On Tue, Mar 15 2022 at 12:31, Marcelo Tosatti wrote:
> /*
> * The regular update, every sysctl_stat_interval, may come later
> @@ -1948,9 +1977,19 @@ int vmstat_refresh(struct ctl_table *tab
> * transiently negative values, report an error here if any of
> * the stats is negative, so we know to go looking for imbalance.
> */
> - err = schedule_on_each_cpu(refresh_vm_stats);
> - if (err)
> - return err;
> + cpus_read_lock();
> + for_each_online_cpu(cpu) {
> + struct work_struct *work = per_cpu_ptr(works, cpu);
> +
> + INIT_WORK(work, refresh_vm_stats);
> + if (need_update(cpu) || need_drain_remote_zones(cpu))

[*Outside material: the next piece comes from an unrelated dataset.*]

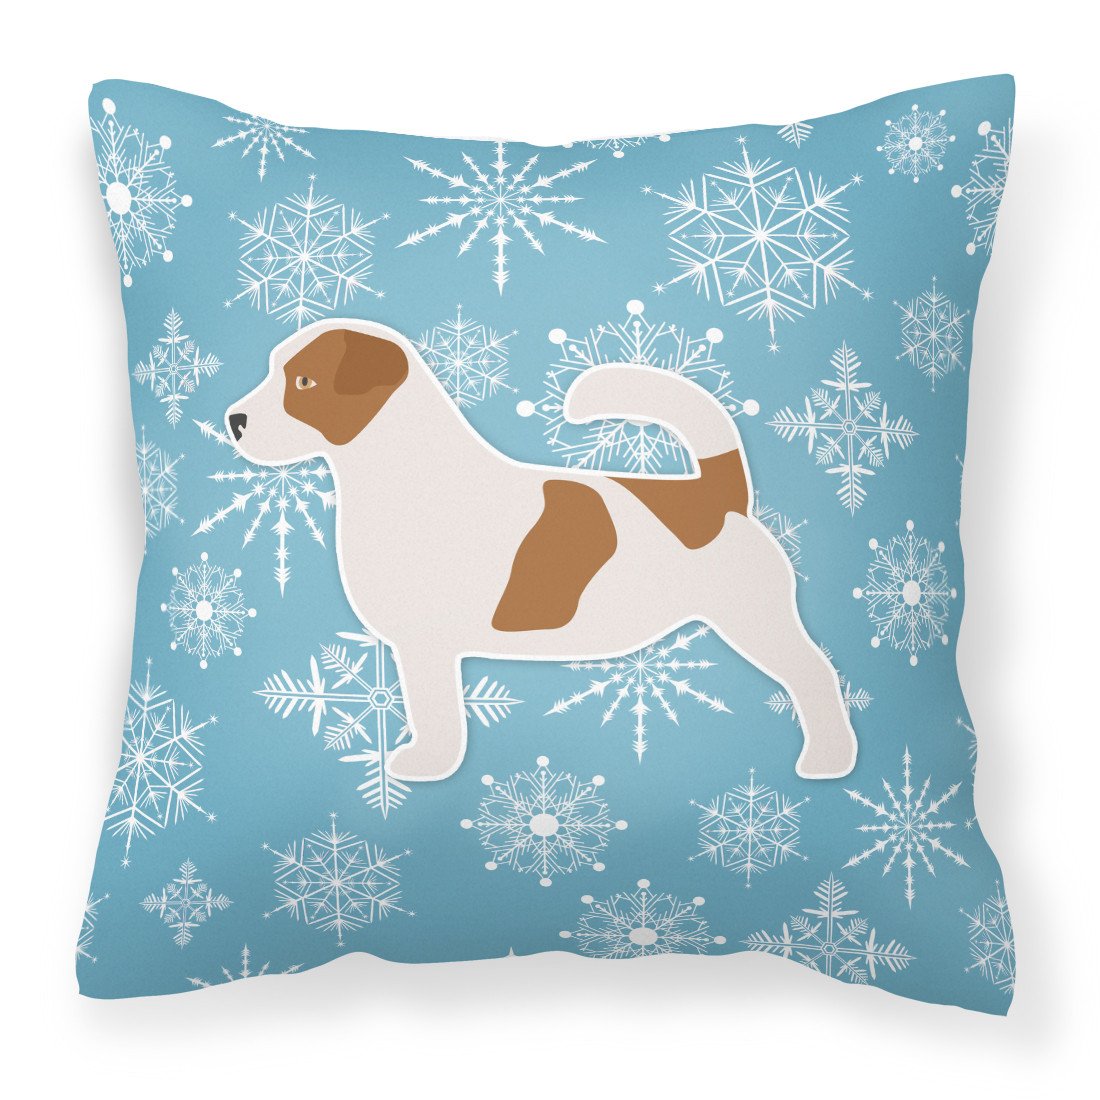 Winter Snowflake Jack Russell Terrier Fabric Decorative Pillow BB3507PW1818 by Caroline's Treasures
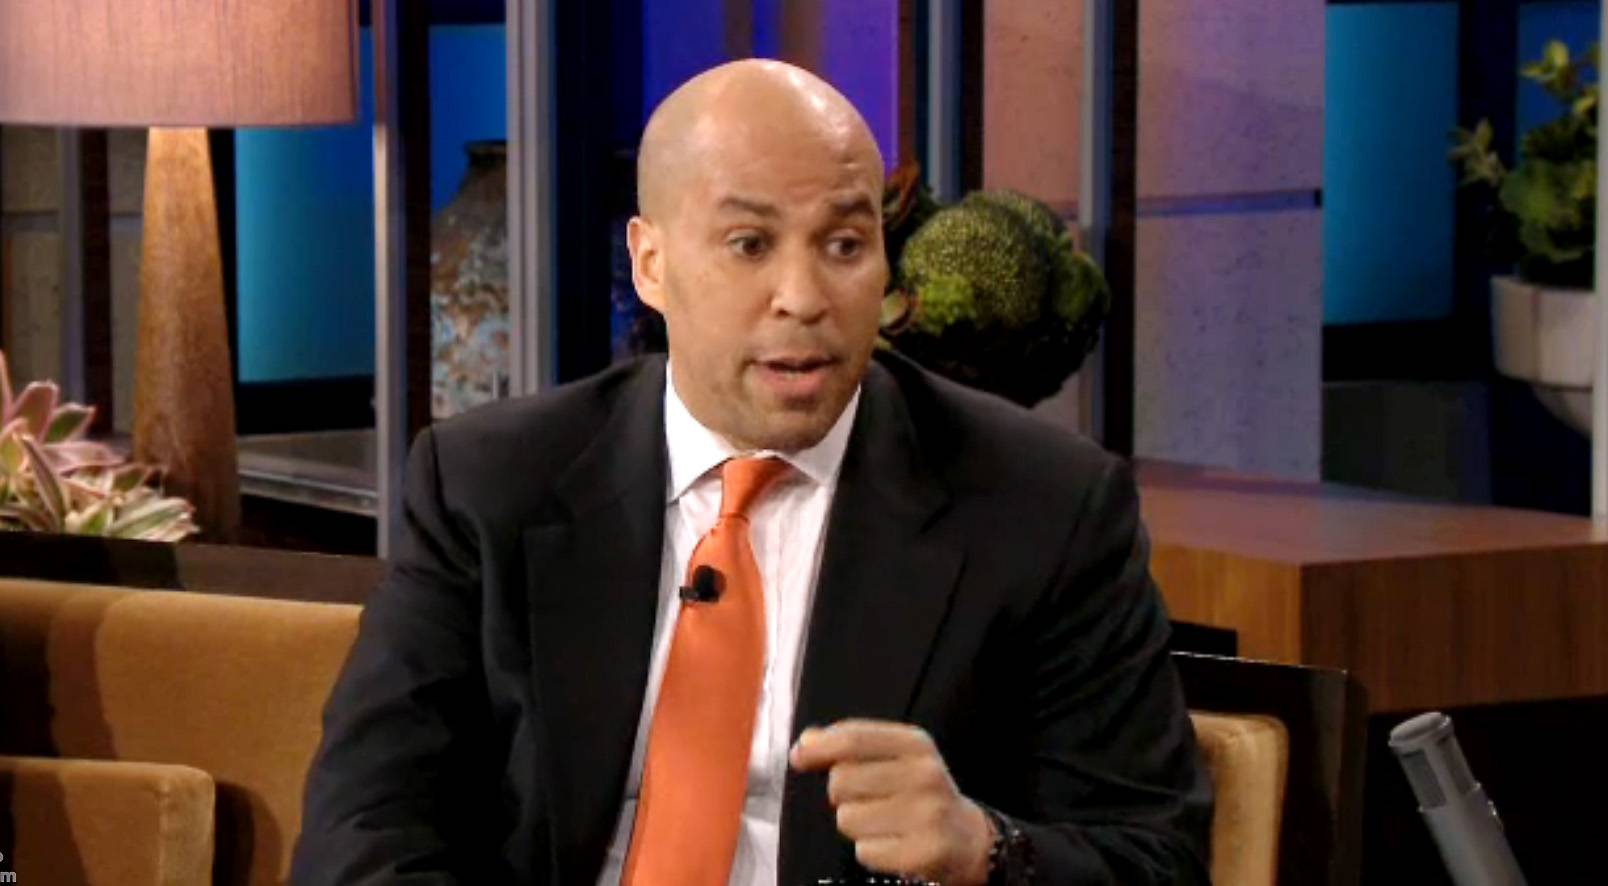 Cory Booker and President Obama Remain BFFs - After his comments on Meet the Press appeared to undermine his support of President Obama, Newark Mayor Cory Booker told Tonight Show host Jay Leno Monday that while he wasn’t &quot;at his best&quot; during the interview, President Obama &quot;was incredibly gracious.&quot; After the incident, the president was the &quot;first person to step forward and say, &quot;Hey, you're my friend, we all say things that don’t come out as we mean them, and I'm still with you,'&quot; Booker said.&nbsp;(Photo: NBC)

Of course that makes sense in general, but now you have two ways of
deciding whether updating this is required.

1) The above

2) The per CPU boolean which tells whether vmstats are dirty or not.

Can we have a third method perhaps?

Thanks,

tglx

2022-05-04 15:08:52

by Marcelo Tosatti

[permalink] [raw]
Subject: Re: [patch v12 12/13] mm: vmstat_refresh: avoid queueing work item if cpu stats are clean

On Wed, Apr 27, 2022 at 09:23:06AM +0200, Thomas Gleixner wrote:
> On Tue, Mar 15 2022 at 12:31, Marcelo Tosatti wrote:
> > /*
> > * The regular update, every sysctl_stat_interval, may come later
> > @@ -1948,9 +1977,19 @@ int vmstat_refresh(struct ctl_table *tab
> > * transiently negative values, report an error here if any of
> > * the stats is negative, so we know to go looking for imbalance.
> > */
> > - err = schedule_on_each_cpu(refresh_vm_stats);
> > - if (err)
> > - return err;
> > + cpus_read_lock();
> > + for_each_online_cpu(cpu) {
> > + struct work_struct *work = per_cpu_ptr(works, cpu);
> > +
> > + INIT_WORK(work, refresh_vm_stats);
> > + if (need_update(cpu) || need_drain_remote_zones(cpu))
>
> Of course that makes sense in general, but now you have two ways of
> deciding whether updating this is required.
>
> 1) The above
>
> 2) The per CPU boolean which tells whether vmstats are dirty or not.
>
> Can we have a third method perhaps?

Ok, will think of a third method to increase clarity :-)

By the fourth method it will be clear for sure!